Exercise aim: Copy word for word, and only, the lines below from the one with "Áreas de Floresta: faixa" through the last.

Records provided:
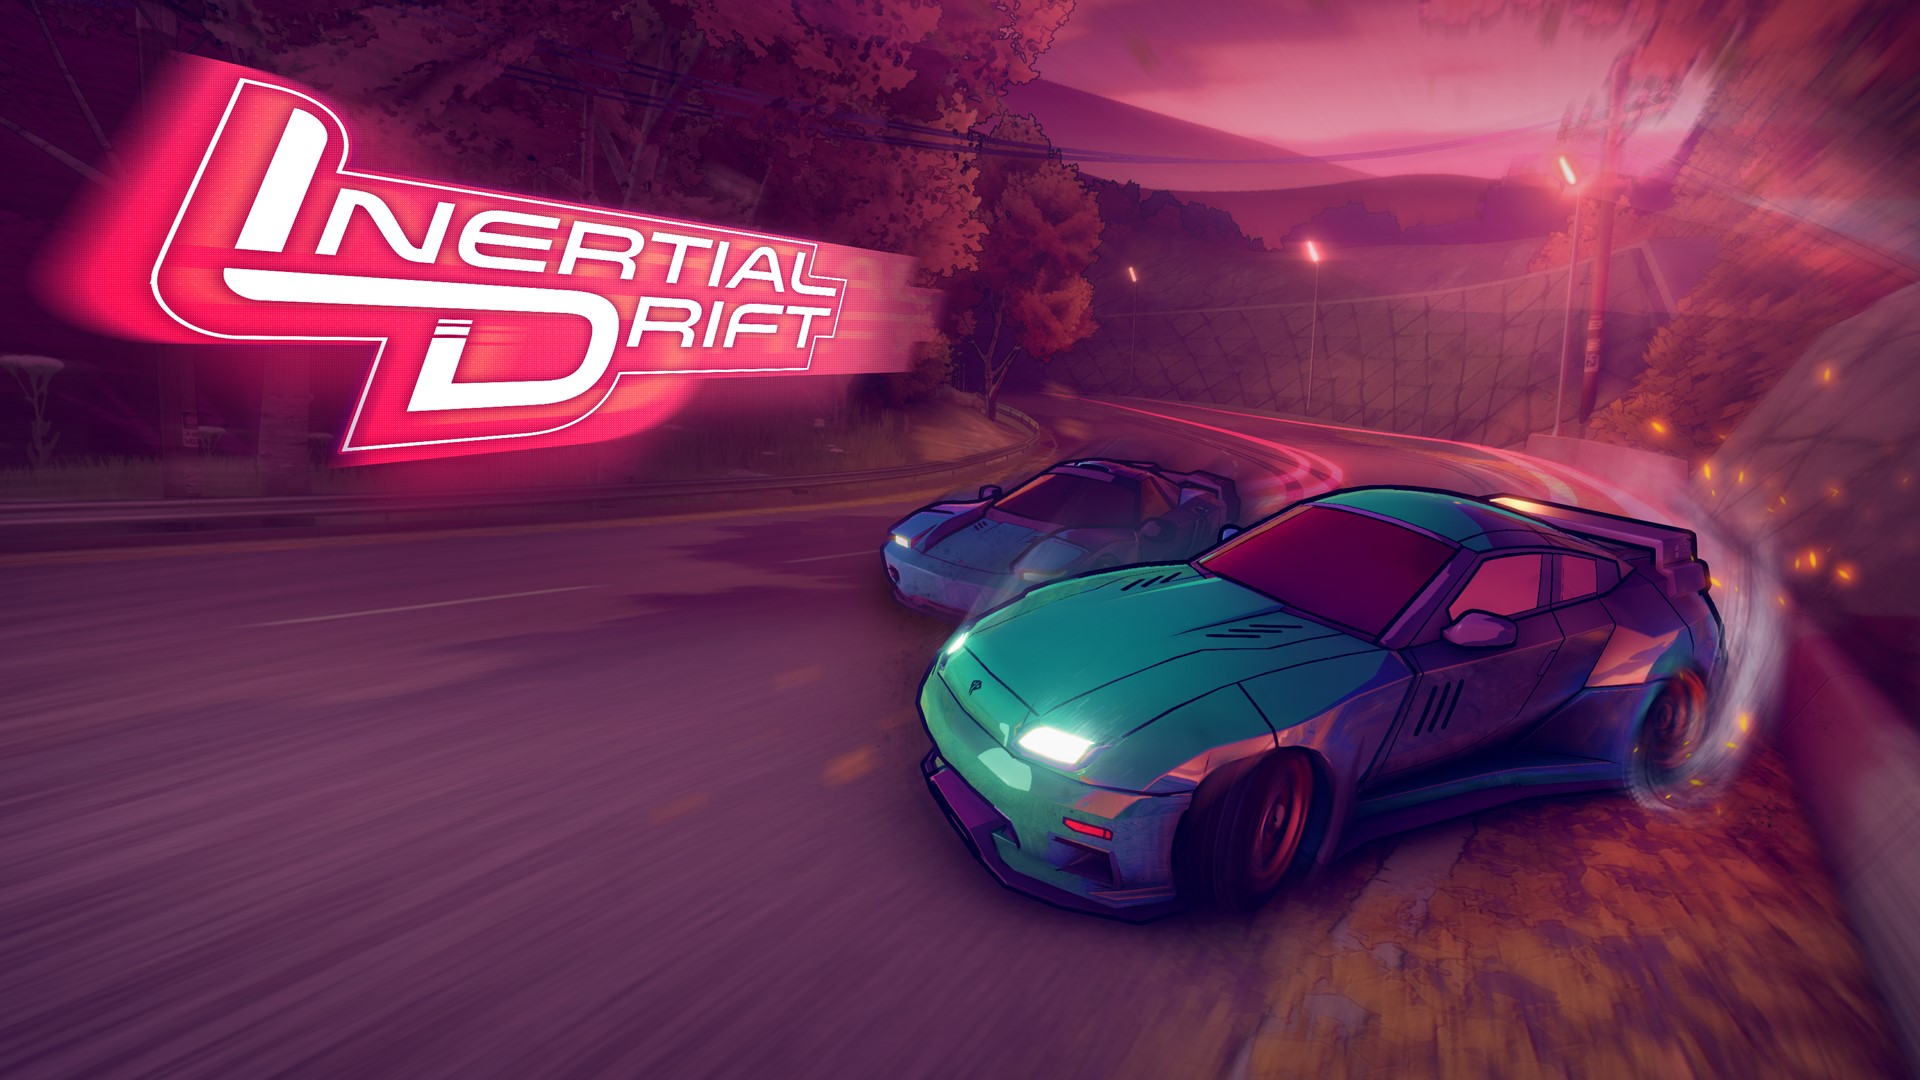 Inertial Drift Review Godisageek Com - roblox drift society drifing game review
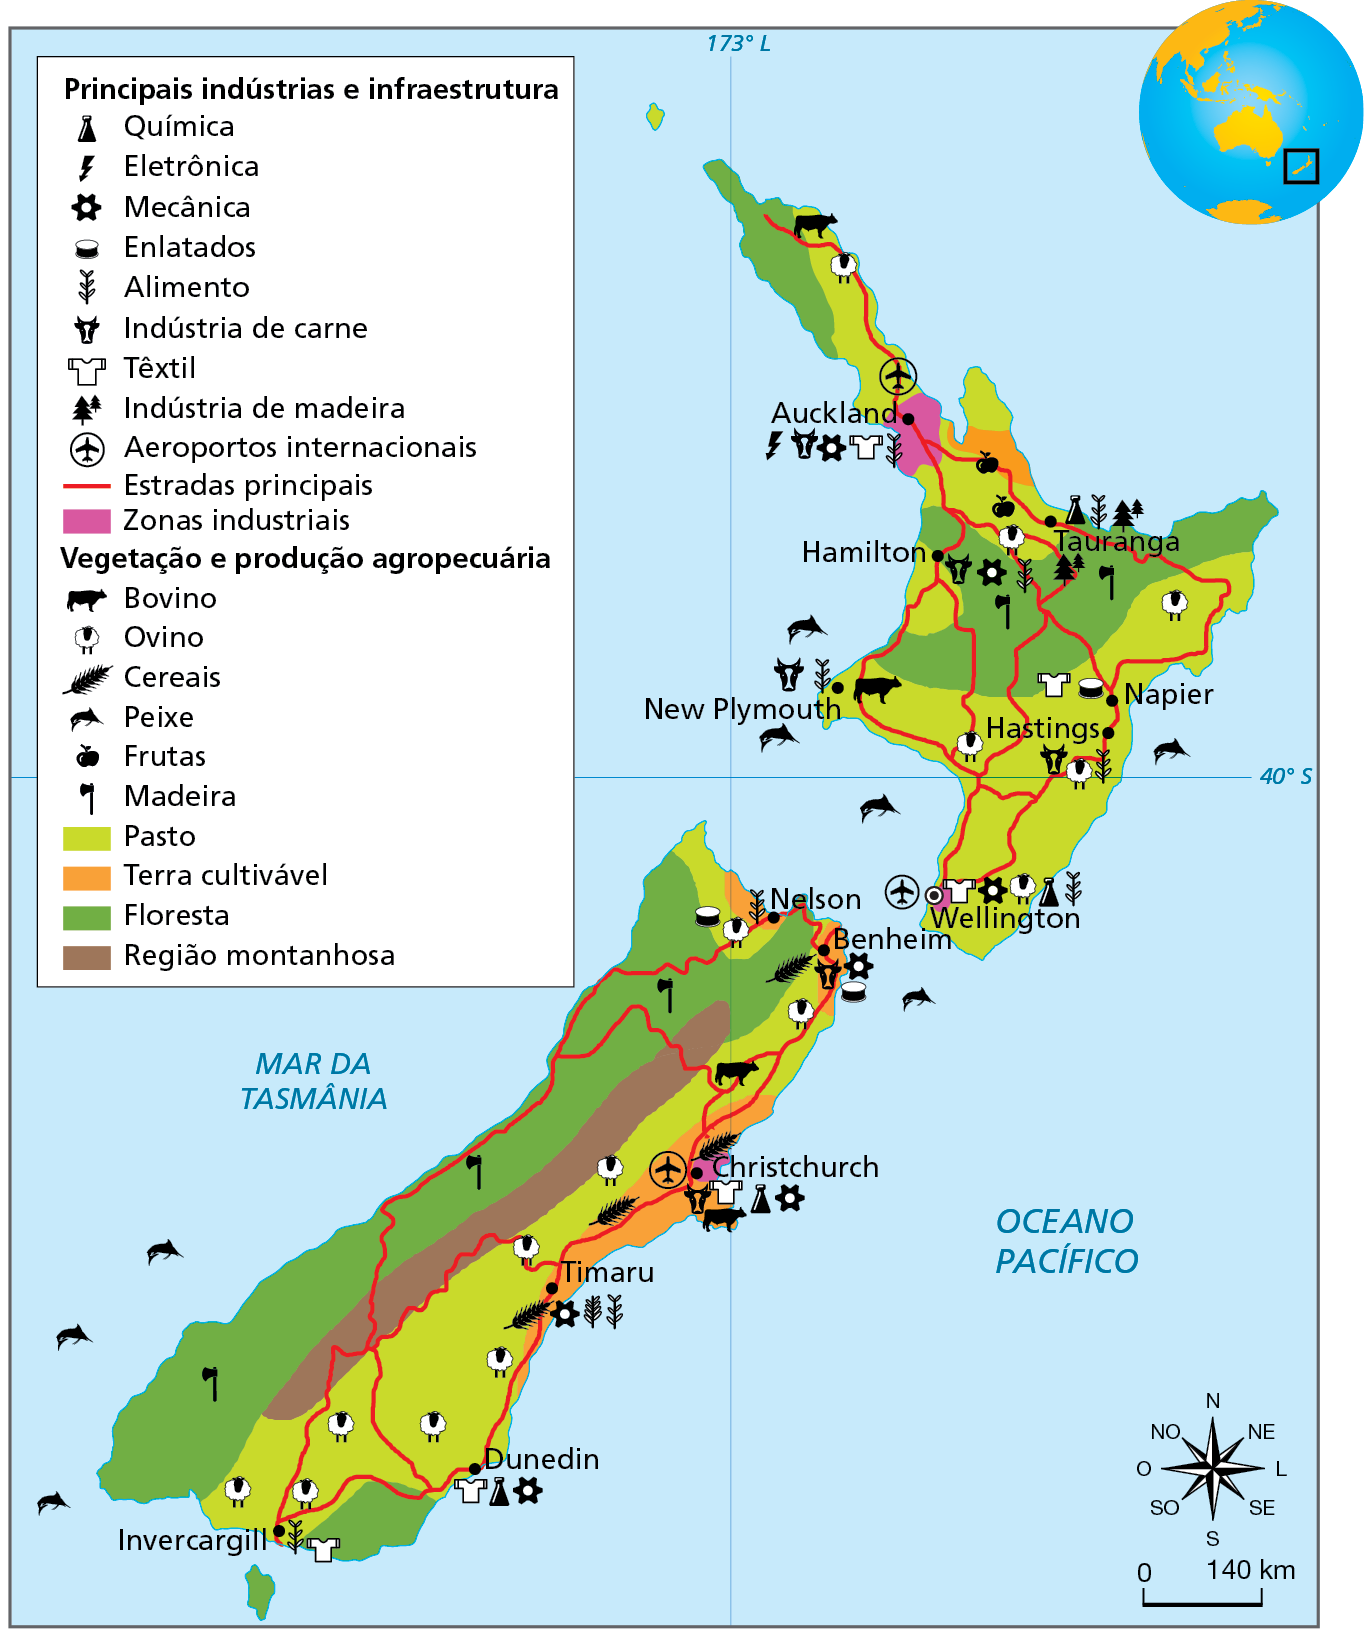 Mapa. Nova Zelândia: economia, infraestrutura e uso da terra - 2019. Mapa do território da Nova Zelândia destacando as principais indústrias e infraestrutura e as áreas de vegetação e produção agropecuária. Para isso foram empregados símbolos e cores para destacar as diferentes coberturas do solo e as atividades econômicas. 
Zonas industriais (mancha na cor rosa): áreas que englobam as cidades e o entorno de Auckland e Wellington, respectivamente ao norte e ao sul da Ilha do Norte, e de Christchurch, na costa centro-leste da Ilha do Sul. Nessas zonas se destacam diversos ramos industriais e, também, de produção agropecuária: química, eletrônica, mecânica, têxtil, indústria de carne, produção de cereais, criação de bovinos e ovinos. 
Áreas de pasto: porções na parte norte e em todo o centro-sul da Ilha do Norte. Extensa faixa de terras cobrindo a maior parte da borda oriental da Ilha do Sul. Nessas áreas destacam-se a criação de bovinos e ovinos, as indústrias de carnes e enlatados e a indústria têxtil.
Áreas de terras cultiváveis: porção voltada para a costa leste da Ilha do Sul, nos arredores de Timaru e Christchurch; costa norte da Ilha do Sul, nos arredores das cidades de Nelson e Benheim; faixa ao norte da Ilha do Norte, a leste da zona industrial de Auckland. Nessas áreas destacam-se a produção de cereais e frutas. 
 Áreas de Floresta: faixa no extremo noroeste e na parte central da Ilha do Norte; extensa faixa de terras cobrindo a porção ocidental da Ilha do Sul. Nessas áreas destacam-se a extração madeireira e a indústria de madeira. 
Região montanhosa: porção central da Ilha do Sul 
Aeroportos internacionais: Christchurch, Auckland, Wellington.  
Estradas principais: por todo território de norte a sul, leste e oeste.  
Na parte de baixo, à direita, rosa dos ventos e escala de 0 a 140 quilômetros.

Response:
 Áreas de Floresta: faixa no extremo noroeste e na parte central da Ilha do Norte; extensa faixa de terras cobrindo a porção ocidental da Ilha do Sul. Nessas áreas destacam-se a extração madeireira e a indústria de madeira. 
Região montanhosa: porção central da Ilha do Sul 
Aeroportos internacionais: Christchurch, Auckland, Wellington.  
Estradas principais: por todo território de norte a sul, leste e oeste.  
Na parte de baixo, à direita, rosa dos ventos e escala de 0 a 140 quilômetros.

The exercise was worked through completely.